We have a csv
file with 2000 rows and a database table1
about 2 million rows and another table2
with 60000 rows.
We need to query from table1
based on parameters from the csv file, so each row in csv
should execute one select query. Initially we tried to execute the following query within a for loop
in the application:
SELECT table1.c1, table1.c2, ST_Distance_Sphere(point(csv.c2[i], csv.c3[i]), point(table1.c3, table1.c4))*0.2 AS length, table1.c5 FROM table1 WHERE table1.c1 IN ( SELECT DISTINCT table2.c1 FROM table2 LEFT JOIN table2.c1=table1.c1 WHERE table2.c2=1 AND table2.c3 BETWEEN 1000 AND 2000 ) HAVING length < csv.c4[i] AND table1.c5 BETWEEN date("start_date") AND date("end_date") ORDER BY table.c1
the csv.c1[i]
i
is actually the loop index. Because of the 2000 round trips to MySQL server, it takes a long time to complete this. It takes about 16 hours just to get through the queries.

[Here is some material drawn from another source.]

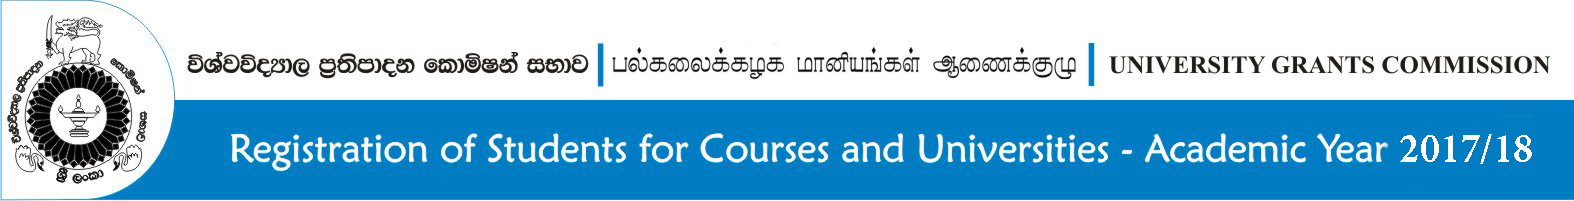 Student Registration for Universities
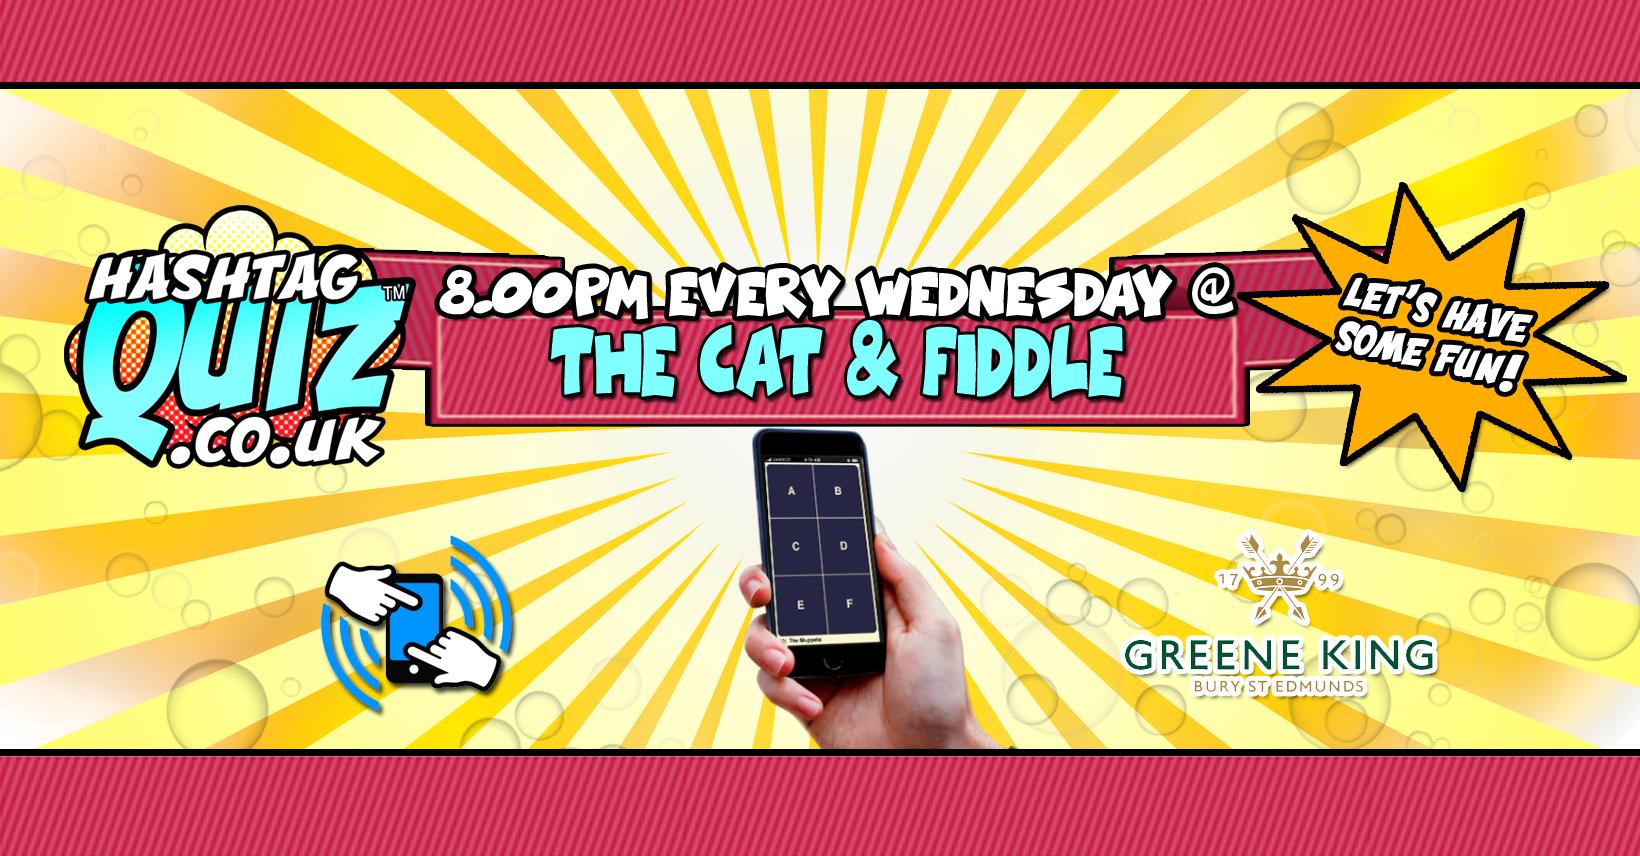 Smartphone Quiz Night - The Cat & Fiddle, Ilk

So, I wrote the SP below to avoid looping and simply call this SP so can do the looping in MySQL server:
CREATE PROCEDURE sp() BEGIN DECLARE arg0 VARCHAR(255); DECLARE arg1 FLOAT; DECLARE arg2 FLOAT; DECLARE arg3 FLOAT; DECLARE cur1 CURSOR FOR SELECT * FROM csv_based_table; OPEN cur1; read_loop: LOOP FETCH cur1 INTO arg0, arg1, arg2, arg3; SELECT col0, col1, ST_Distance_Sphere(point(arg1, arg2),point(col3,col4))*2 AS length, arg0 FROM important_table1 WHERE col0 IN ( SELECT DISTINCT c0 FROM important_table2 LEFT JOIN c0 ON col0 = c0 WHERE c1=1 and c2 BETWEEN 1000 AND 2000) HAVING distance < arg3 AND col5 BETWEEN date("start_date") AND date("end_date") ORDER BY arg0, col0; END LOOP; CLOSE cur1; END;
So, instead of using the csv file, we create a database table for that csv file and run the above stored procedure. Problem is this turned out to be slower than the original 2000 iterations loop. In a test over 100 csv rows, for loop-based original solution finished in 317.6 seconds while the stored procedure took 321.5 seconds just for the SP itself. Why is this happening and how can I optimize this?